Um ser múltiplo e um dos mais atuantes militantes do Movimento Negro brasileiro, Abdias nasceu em 1914, foi ator, poeta, escritor, dramaturgo, curador, artista plástico, professor universitário, panafricanista e parlamentar, foi indicado ao prêmio Nobel da Paz em 2010, e nos deixou em 2011. Sua longa trajetória foi trilhada no ativismo e na luta contra o racismo e pela igualdade de direitos.
Neste primeiro ato da mostra, de um total de quatro, a curadoria feita coletivamente entre Inhotim e IPEAFRO reuniu pinturas, desenhos, fotografias e instalações de ambas as instituições. Cada ato possui duração de cinco meses, desdobrados a partir de indagações postas à coleção do Museu de Arte Negra. O primeiro ato traz o diálogo entre as obras de Abdias, Tunga e o acervo do MAN, em um espaço que remete às origens do Inhotim: a Galeria Mata, situada próximo à Galeria True Rouge, uma das primeiras da instituição e que expõe de forma permanente a instalação de título homônimo de Tunga.
Tunga é um dos artistas mais emblemáticos da coleção do Inhotim, com a Galeria Psicoativa e a obra Deleite, no local. Foi o primeiro artista contemporâneo e o primeiro brasileiro a ter uma obra exposta no icônico Museu do Louvre, em Paris. O pernambucano, da cidade de Palmares cresceu convivendo com Abdias, ele era filho de Gerardo Mello Mourão, poeta que, na década de 1930, fez parte da Santa Hermandad Orquídea ao lado de Abdias Nascimento e outros escritores. Foi Gerardo que indicou Abdias Nascimento pela primeira vez ao prêmio Nobel da Paz, em 1978.
Abdias é determinante para compreender a história do povo negro no Brasil, se envolveu em várias frentes do Movimento Negro, que vão da arte à política. Subiu a Serra da Barriga incontáveis vezes, e muito contribuiu para fazer do dia 20 de Novembro, o dia Nacional da Consciência Negra. Abdias fez e faz o negro brasileiro acreditar, quando ainda não se falava sobre “representatividade”, ele impôs a nossa presença em todos os espaços, sobretudo nos espaços de poder. Certamente foi um homem à frente do seu tempo. E ainda hoje, segue nos inspirando. Através do IPEAFRO, segue garantindo acesso a população preta e pobre deste país à arte e à cultura.

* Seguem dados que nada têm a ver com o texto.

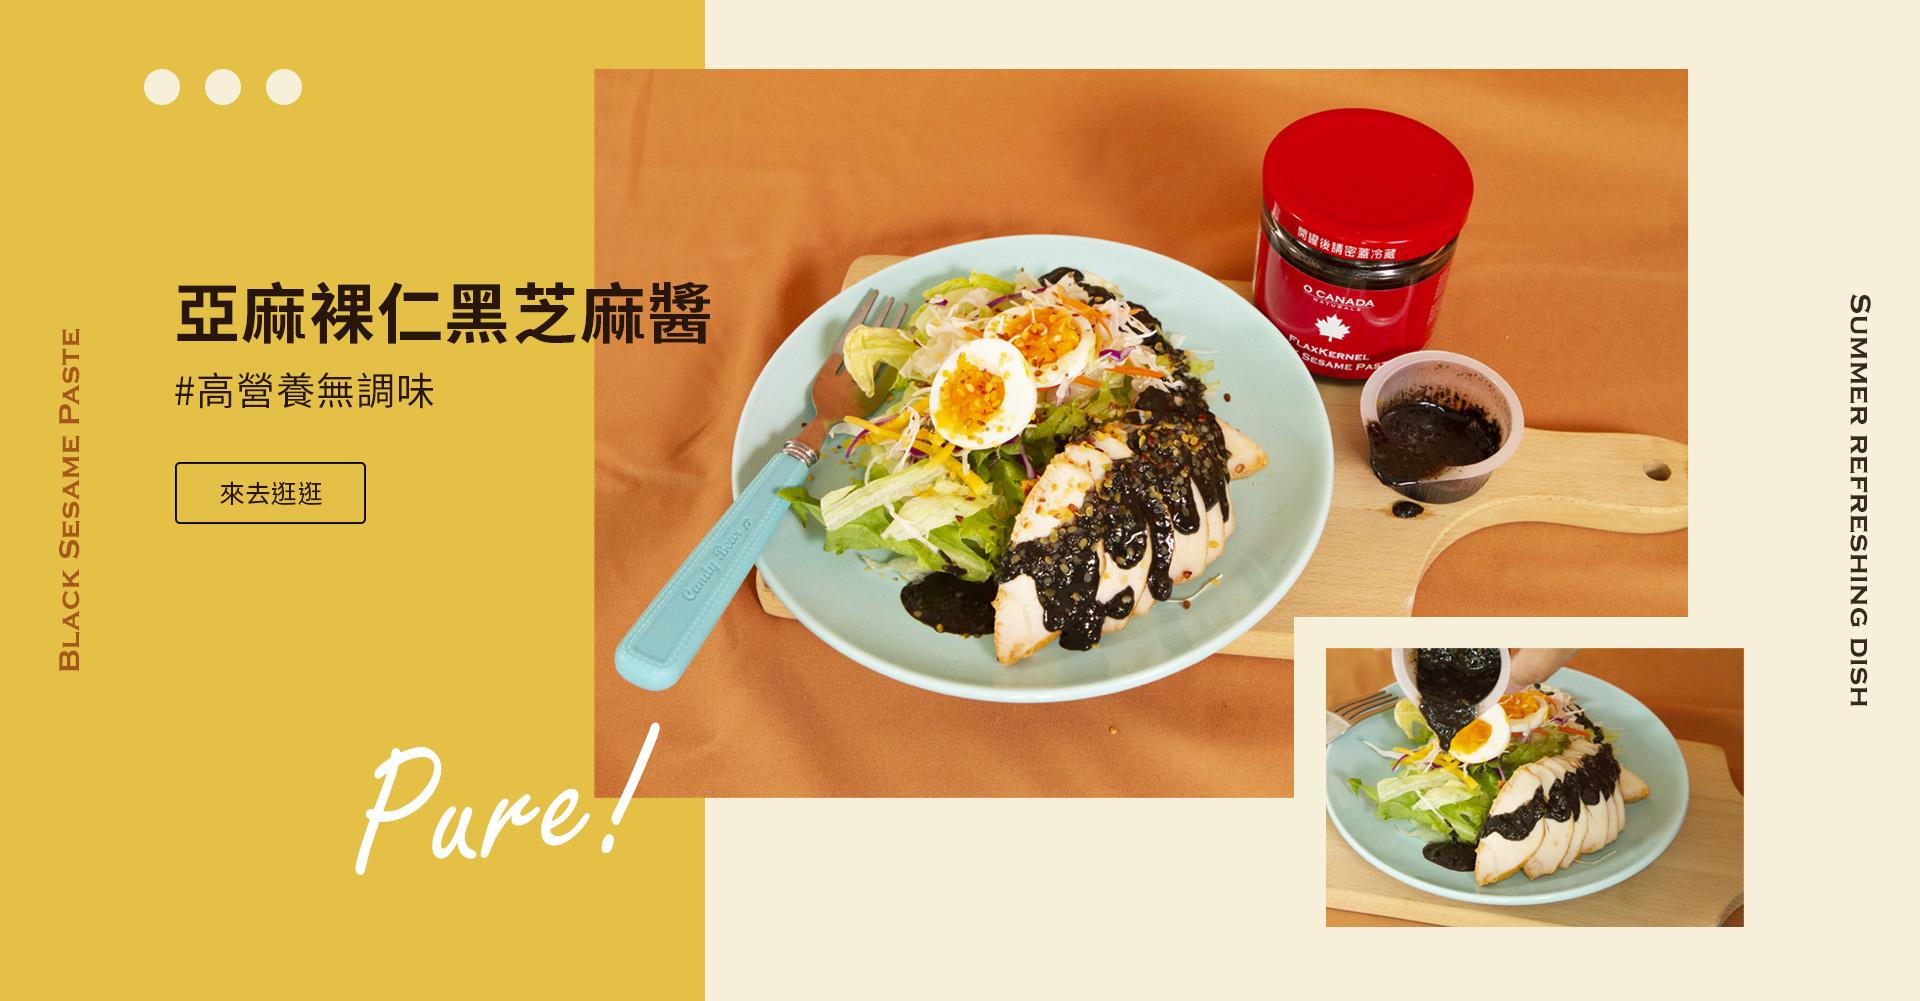 亞麻仁黑芝麻醬雞肉沙拉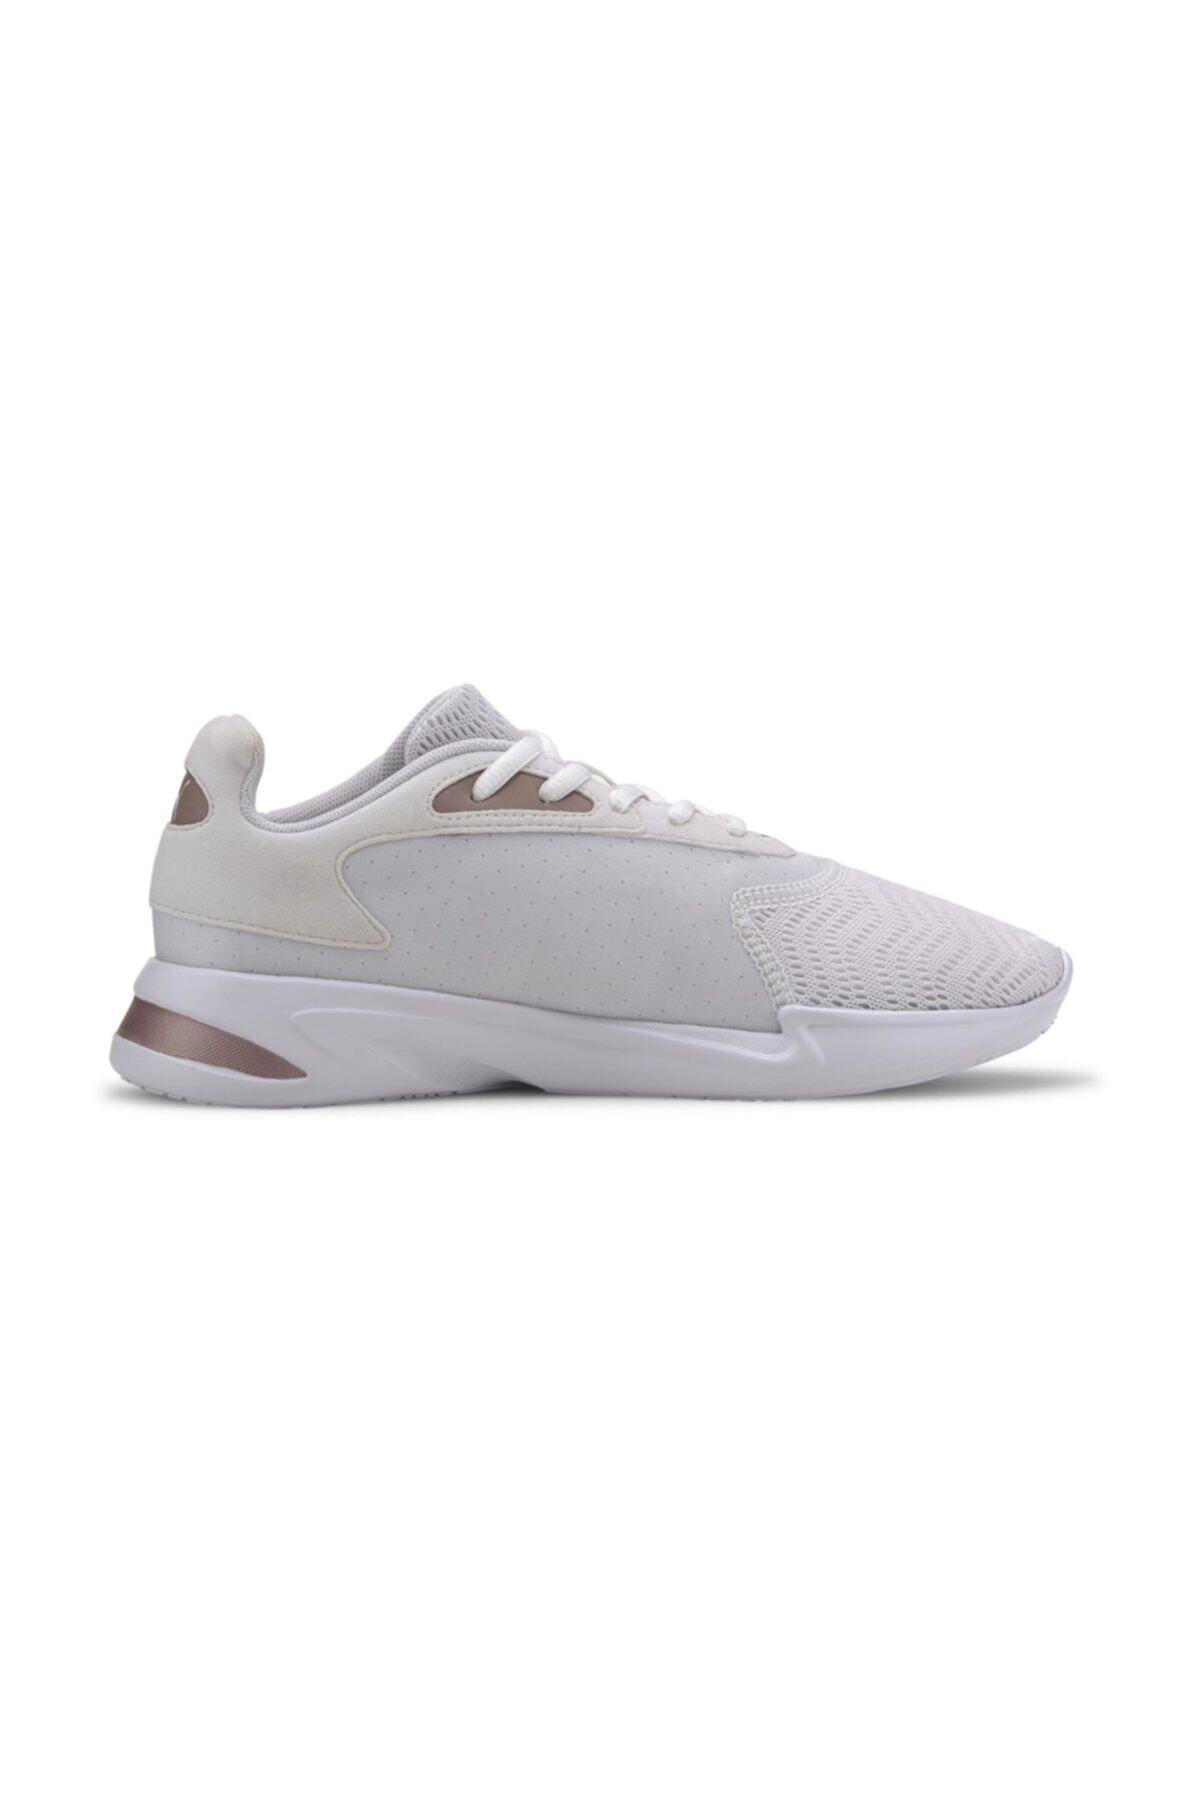 Puma JAROMETAL WNS Beyaz Kadın Koşu Ayakkabısı 100547118 1

Fazer parte deste momento histórico, que tem tanto valor para arte negra brasileira, sobretudo em momento de tamanha polarização e desigualdade social é profundamente inspirador. O IPEAFRO e o Inhotim se uniram não somente para manter vivo o legado e a arte de Abdias, mas como afirmou Júlio Menezes, a ideia é transformar o espaço em um quilombo. E assim garantir acesso à população negra e da periferia, que não tem oportunidade de frequentar esses espaços. Enquanto mulher negra e militante do movimento negro e feminista, me sinto privilegiada por ter conhecido Abdias pessoalmente, e por ser neta de Mãe Hilda Jitolu, que subiu a Serra da Barriga ao lado dele, para lutar juntos por igualdade e respeito. Que possamos seguir seus passos, e fazer seus nomes chegarem às próximas gerações.